Otherwise, Boise State would have to route/NAT one of those 132.178 IPs directly to their 10 dot (or 192.168) system IP.
[which would require DHCP reservation/static IP and putting that system into a DMZ (at the least)]
But we must begin at the beginning...
IPv6 to the rescue!
(That they don't have)
(I didn't think of dns-01, good idea.)
I understand. But my goal is to learn to achieve this only on my machine for the moment.
But you can't get a cert from a trusted CA by just "making up" a domain name on your private network.

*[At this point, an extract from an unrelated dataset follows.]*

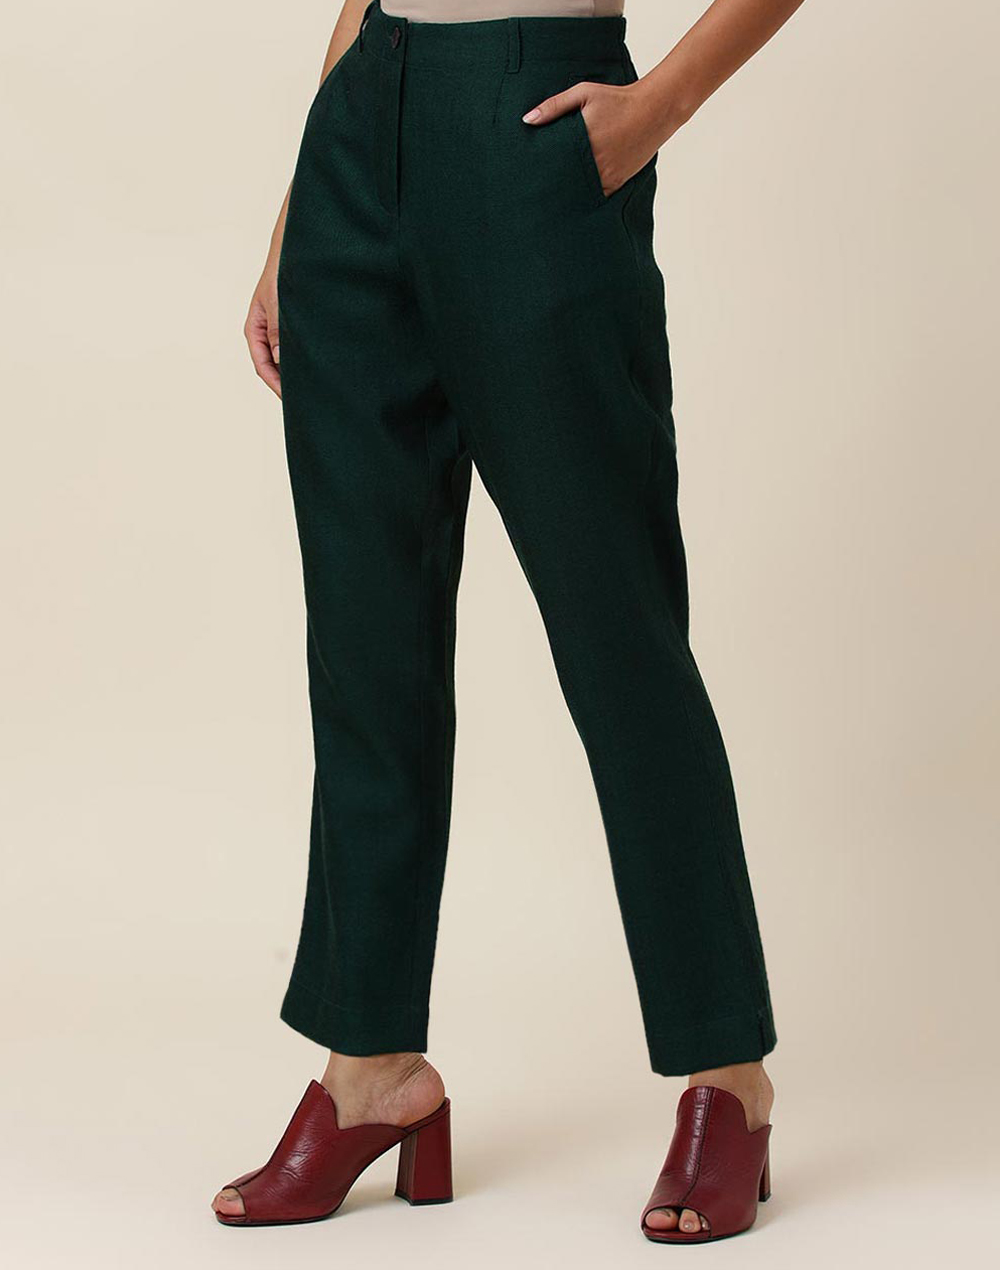 Buy Green Wool Full Length Formal Pant for Women Online at Fabindia ...

Then you should install one of these:
Actually I want to do something like in this video
How To Install Free SSL Certificate on Ubuntu web Server - YouTube
That's fine. It describes using certbot to get a cert from Let's Encrypt. But you need a public domain name bought from a registrar. You will then get access to the DNS records that will be required.

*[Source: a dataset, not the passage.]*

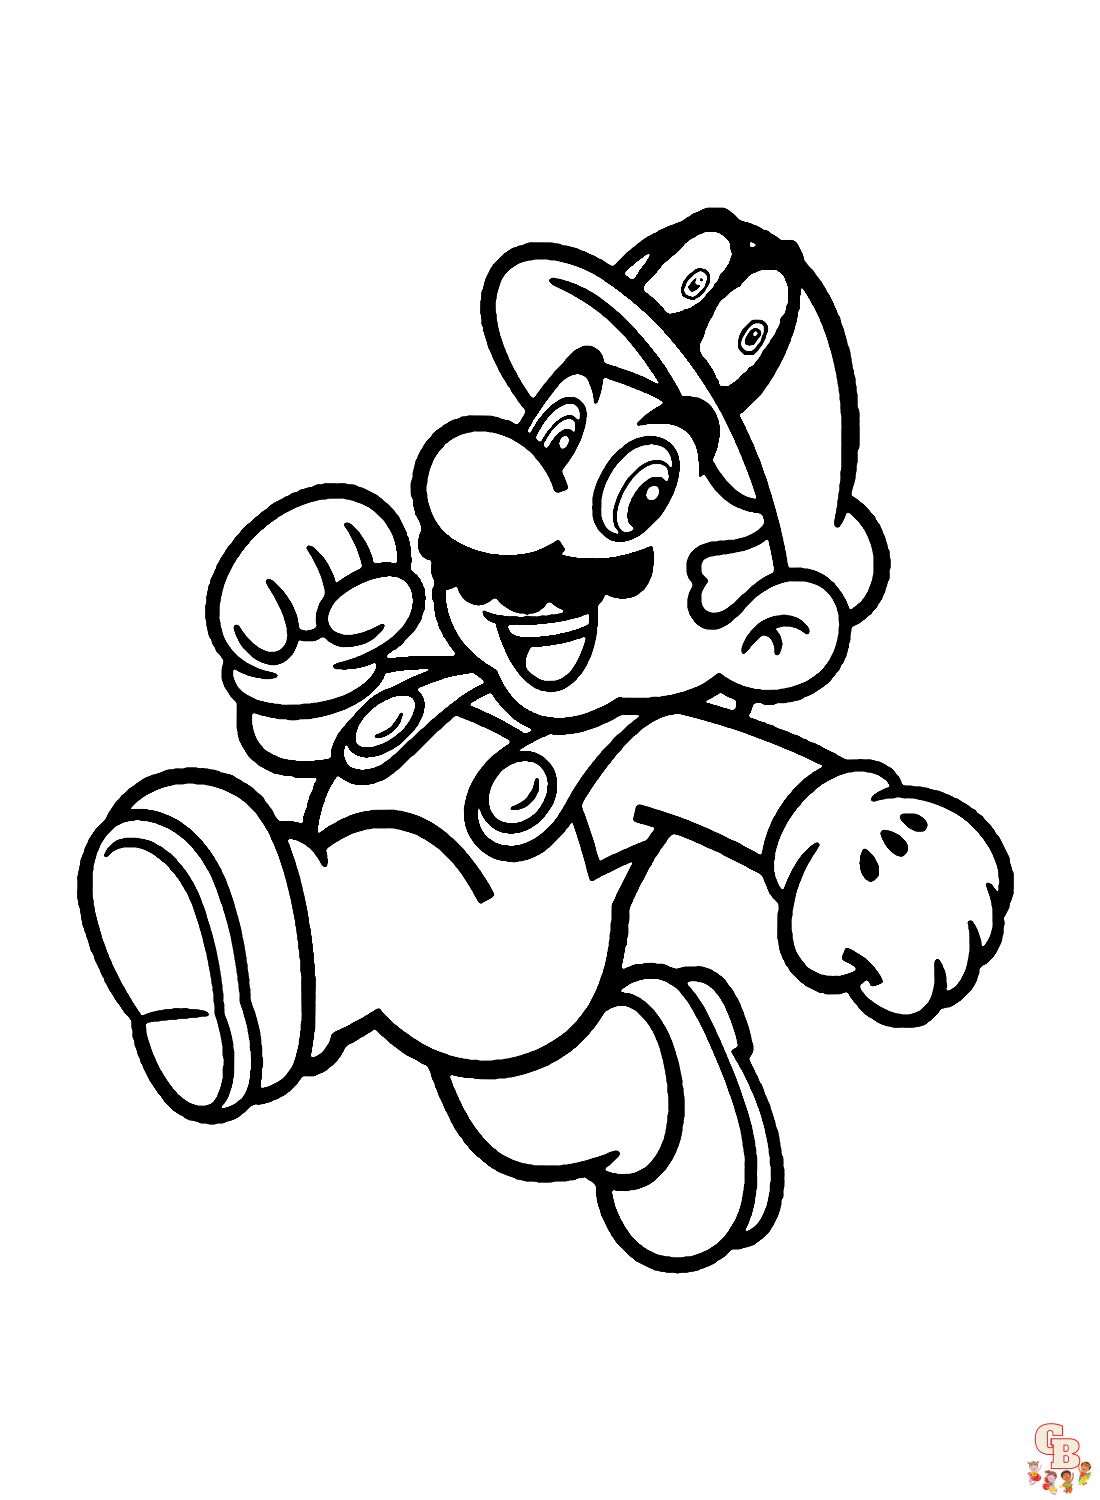 Mario from Mario Odyssey

You cannot make that work with a private "made up" domain name. Sadly, someone else already owns erica.com
I got it. My final question is - if I make privately a fairly new website/domain(which is never used), will that be working by using certbot?
Register a domain yourself using any domain registrar (Cloudflare.com, GoDaddy, Google Domains, Namecheap etc), you will then "control" the domain and you can point it at the IP address of a real webserver you run.
To then use Certbot to get a certificate for that site your site needs to be accessible over the public internet (e.g. anyone needs to be able to browse to it). If you don't want to do it that way you can use DNS validation instead (which updates your DNS with a special validation record every time you need to renew your cert).
The root of the issue here is not to do with Certbot, you just don't know how websites and domains work - which is fine, most people don't know that either, you can learn.
No. It has to be a public registered name as webprofusion describes.